Jak czytacie oznaczenie litery (symbolu) apostrofem?

A' to "A prim" czy "A prym"?


----------



## dreamlike

Z lekcji matematyki pamiętam tylko "A prim", i tak też sam odczytywałem ten zapis.


----------



## Thomas1

Ja również. Tak jak 'bis':
A' -- A prim
A'' -- A bis

"Prym" to dla mnie inne słowo.


----------



## Ben Jamin

W wyrazach zaadaptowanych niedawno, zwłaszcza naukowych 'i' nie zmiękcza poprzedzającej spółgłoski, ani nie zamienia się na 'y'. Tak więc sinus, prim, sigma, a nie synus, prym, sygma.


----------



## kknd

pragnę zauważyć, że „prim” i „prym” to dwa zupełnie różne wyrazy! („pochodna f prim” oraz „wieść prym”).


----------



## Ben Jamin

kknd said:


> pragnę zauważyć, że „prim” i „prym” to dwa zupełnie różne wyrazy! („pochodna f prim” oraz „wieść prym”).

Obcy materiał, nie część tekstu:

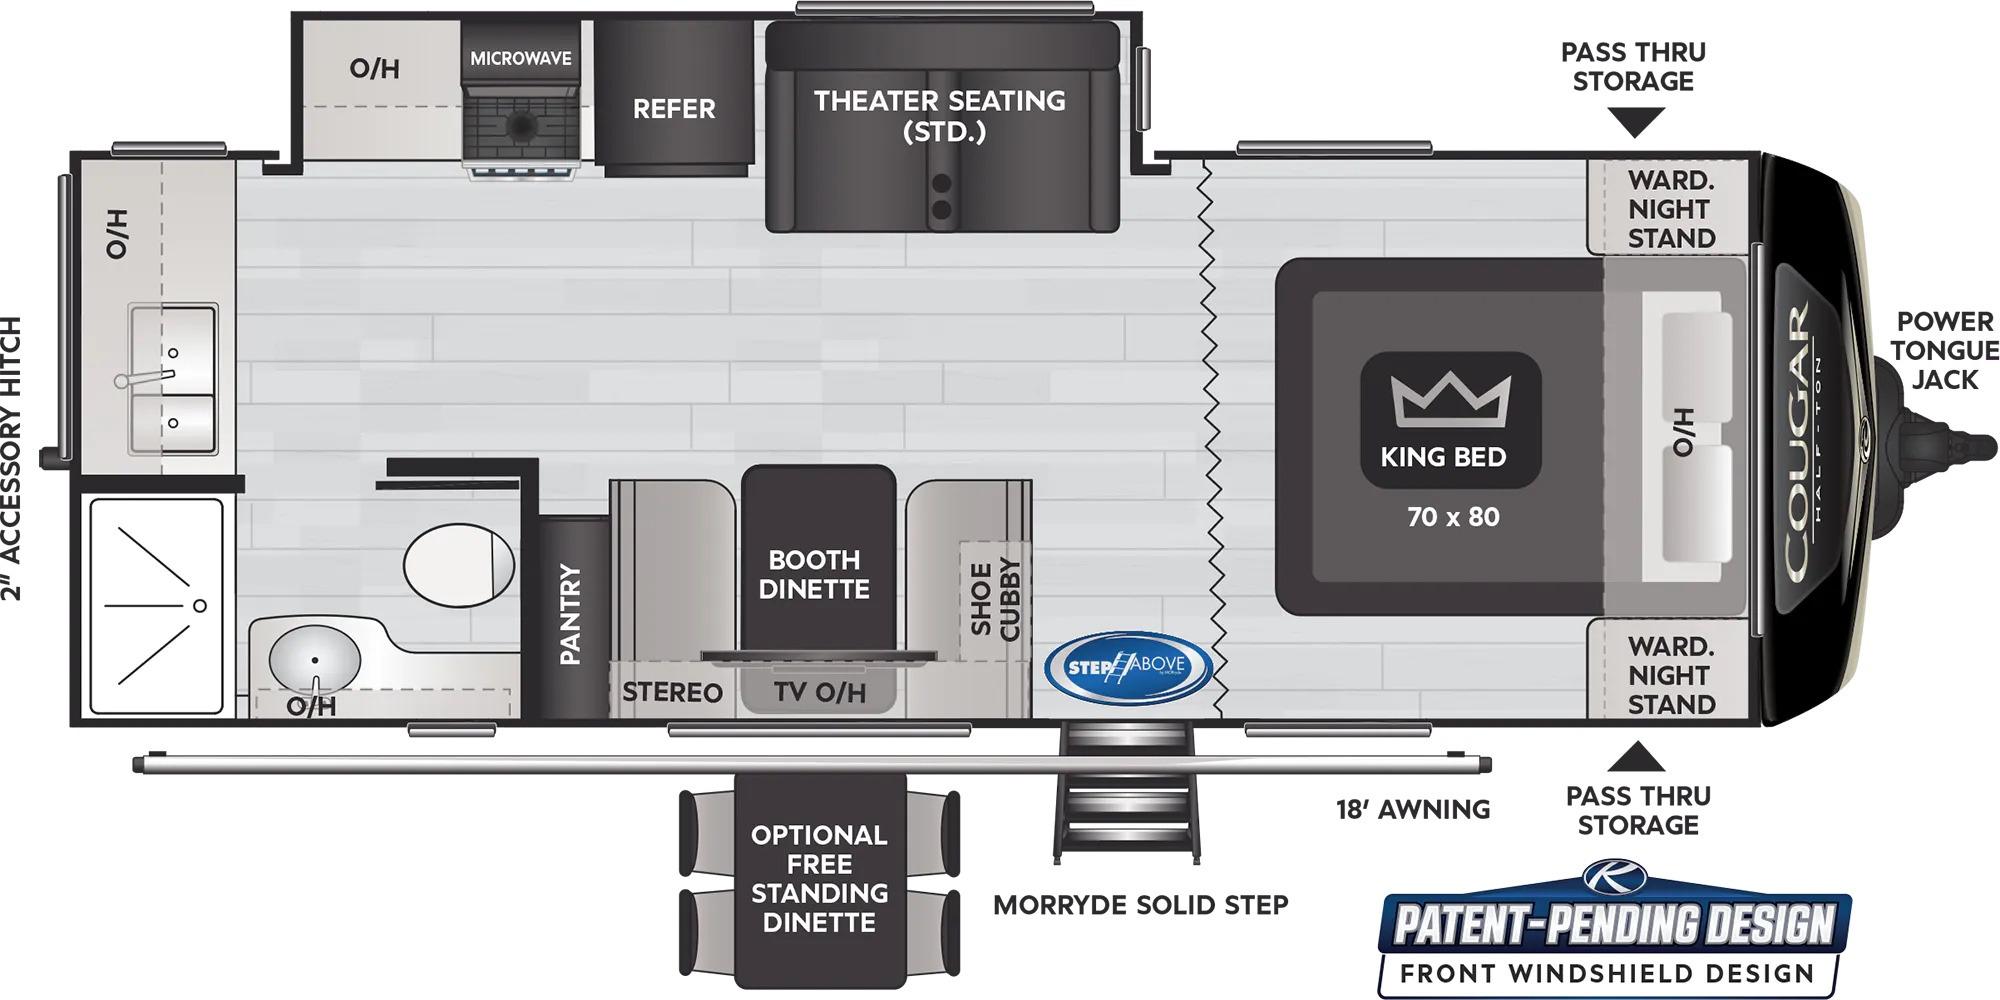 View Floor Plan for 2022 KEYSTONE COUGAR 22MLSWE

Ciekaw jestem il osób z młodszego pokolenia rozumie jeszcze to słowo.


----------



## dreamlike

Wyrażenie 'wieść prym' jest dość popularne w mediach, więc nawet jeśli ktoś nie używa go sam na co dzień, nie miałby większych problemów z jego zrozumieniem. A może to tylko myślenie życzeniowe...


----------



## BezierCurve

Dzięki za odpowiedzi. Pytałem o wymowę, bo na którymś z portali natknąłem się niedawno na wyjaśnienie, jak czytamy takie oznaczenie apostrofem (według autora artykułu czytamy "prym"). Artykuł był popularnonaukowy (ale chyba bardziej popularny niż naukowy).


----------



## Ben Jamin

dreamlike said:


> Wyrażenie 'wieść prym' jest dość popularne w mediach, więc nawet jeśli ktoś nie używa go sam na co dzień, nie miałby większych problemów z jego zrozumieniem. A może to tylko myślenie życzeniowe...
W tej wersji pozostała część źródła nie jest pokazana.